Blog

AI Agent Security: Lock Down Your Agent Before It Bites

AI agent security done right: least-privilege design, draft-only actions, isolated keys, and row-level data rules. The exact patterns operators use to stay safe.

June 5, 2026OpenClawCrew7 min read

AI Agent Security: Lock Down Your Agent Before It Bites

An agent with your credentials and no guardrails is not an assistant. It is a liability with API access.

Most security incidents with AI agents are not exotic. They are the boring stuff: a key pasted into a chat window that ends up in a public repo, an agent given send-email rights that fires off the wrong message, one compromised role that can read every other role's secrets. AI agent security is mostly about closing those holes before they open. This guide walks through the specific patterns operators run in production: least privilege, isolated keys, draft-only actions, data-layer rules, and a cheap two-pass audit you can run today.

Treat the agent like a new hire, not a co-founder

The cleanest mental model comes from Nate Herk, who runs a multi-agent fleet: "Pretend this is an actual intern or a new employee. What access would you give them? You wouldn't just give them your credit card."

That single question kills most bad designs. You would not hand a new marketing hire your bank API keys. So your marketing agent should not have them either. Every agent gets only the credentials and tools its role requires, and nothing else. A research agent needs read access to sources. It does not need your Stripe key. A content agent needs your blog connector. It does not need finance.

Least privilege is not paranoia. It is blast-radius control. When something goes wrong, and something eventually will, the damage stops at the edge of that one role's access.

Keep secrets out of the chat window

This is the mistake almost everyone makes once. You paste an API key into the chat to get the agent working, it works, you move on. The problem is that the chat is logged. If you sync your agent folder to GitHub for backup, that key just went to a repo.

Set secrets through config, not conversation:

hermes config set GITHUB_TOKEN <your-token>

That writes the value to the agent's environment file, not the session history. On a containerized setup it lands inside the container's .env, which is exactly where you want it. To rotate or remove a key, edit that file directly rather than typing the old key back into chat.

The rule is simple: a secret should never appear in any text the agent might store, summarize, or push. If you have already pasted one, treat it as compromised and rotate it.

Isolate agents so one breach is not all breaches

If you run more than one agent, give each its own container, its own environment file, its own keys, its own memory, and its own crons. Think of it as separate offices in a building rather than one open room where everyone can read everyone's desk.

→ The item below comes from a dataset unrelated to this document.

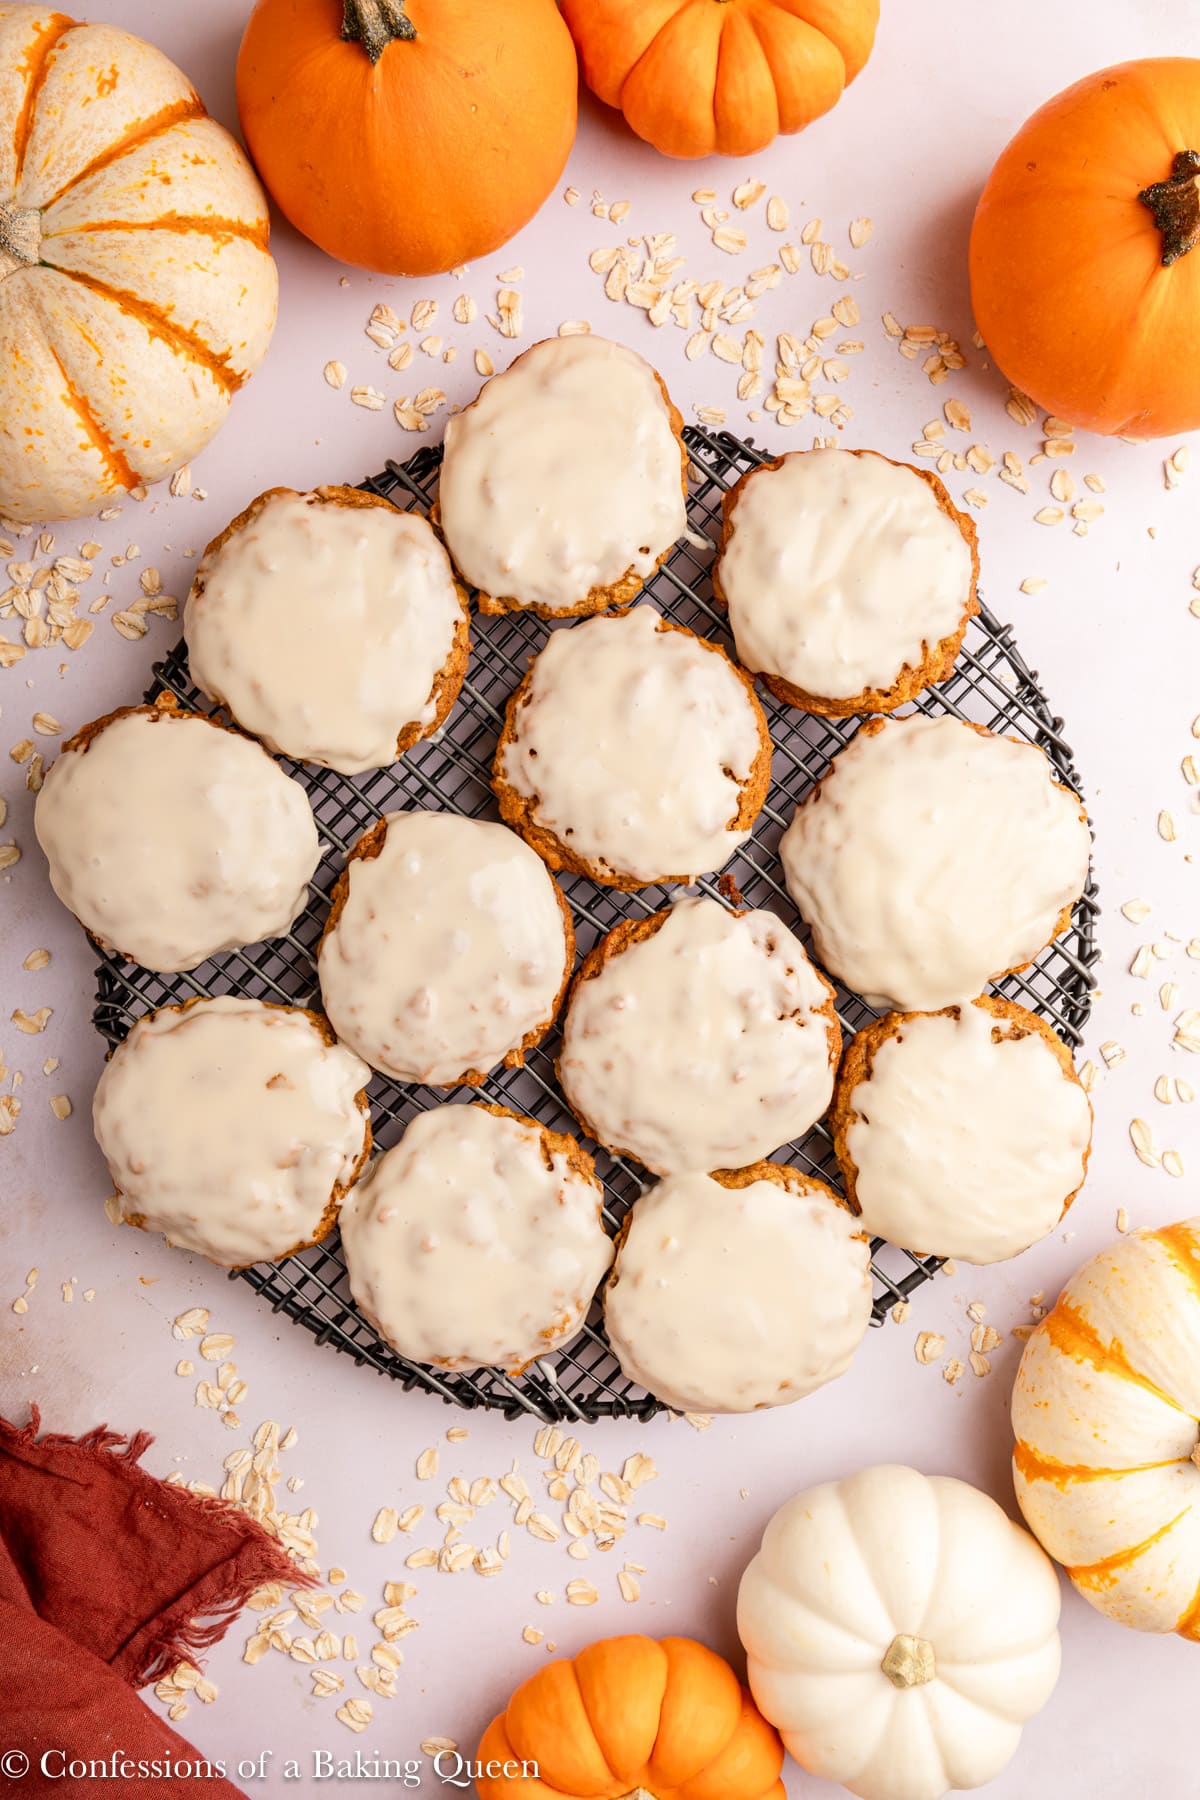 maple glazed pumpkin oatmeal cookies on a wire rack next to some pumpkin on a light surface.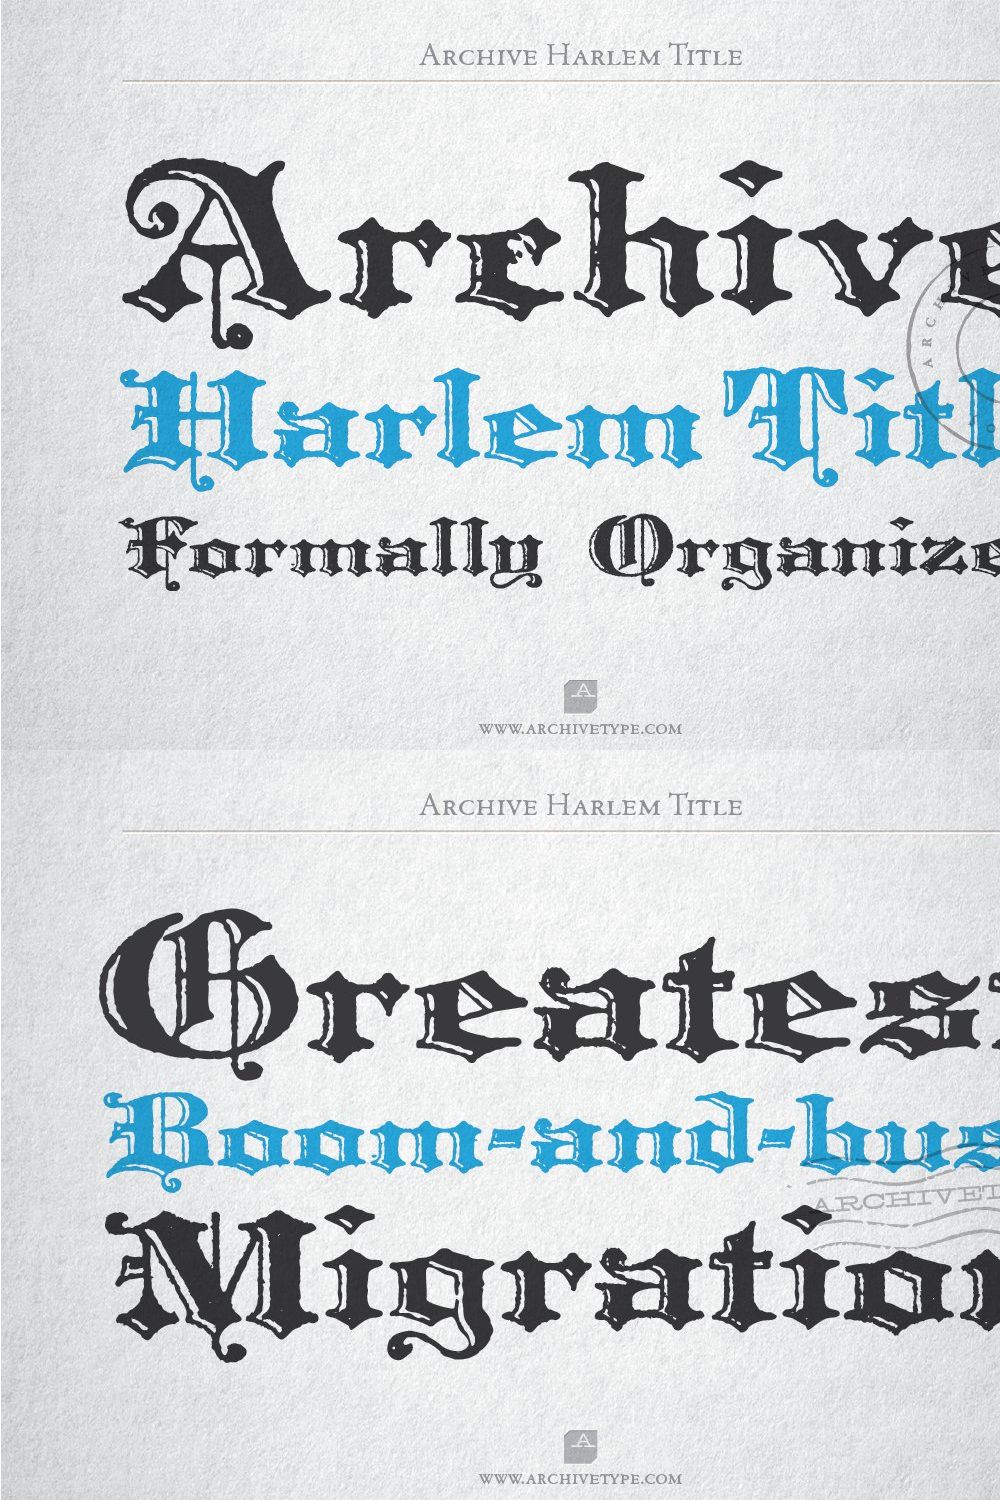 Archive Harlem Title pinterest preview image.

This buys you three things. A compromised or misbehaving agent cannot reach another agent's secrets. You can give each role exactly the access it needs without affecting the others. And debugging gets easier because state does not bleed across roles.

The decision gate for spinning up a separate isolated agent is short. Does the role need different secrets, separate long-term memory, or its own audience? If any answer is yes, isolate it. Otherwise add skills to your existing agent. This isolation discipline pairs naturally with running several agents at once, which we cover in multi-agent orchestration.

Name your keys so you can see the damage

Per-agent isolation has a quiet security bonus: visibility. Give each agent its own named key with your provider, something like hermes-marketing-key and hermes-finance-key. Now your provider dashboard shows you exactly which agent is spending what.

This is your early warning system. A runaway loop, a prompt injection that turns your agent into someone else's worker, or a simple bug burning tokens all show up as an anomaly on one named key instead of hiding inside a single blended bill. You catch it in hours instead of at the end of the month. Tracking spend this way also feeds directly into cost control, which we get into in AI agent optimization.

Draft-only is a security control, not a convenience

The single most effective safety pattern for agent actions is to remove the irreversible buttons entirely.

The standard setup for email is the clearest example. The agent can find, draft, label, and archive. It cannot send. Jack Roberts, who runs email triage daily, is blunt about why: "Never give the agent the ability to send emails, only to draft. I'm still at the point where I would never let them run riot."

Apply the same thinking everywhere there is a one-way door. When you connect a tool through a connector, enable only the safe verbs. For a calendar, allow create and find, exclude delete-all. For anything that touches money, customers, or production, require a human approval gate. A wrong draft costs you nothing. A wrong send costs you a relationship. Keep the human where the stakes are. This draft-only discipline is also the backbone of safe personal ops automation.

Secure the data layer with row-level rules

When your agent reads and writes to a shared database, plain table access is not enough. You want rules at the row level so each role can only touch its own data.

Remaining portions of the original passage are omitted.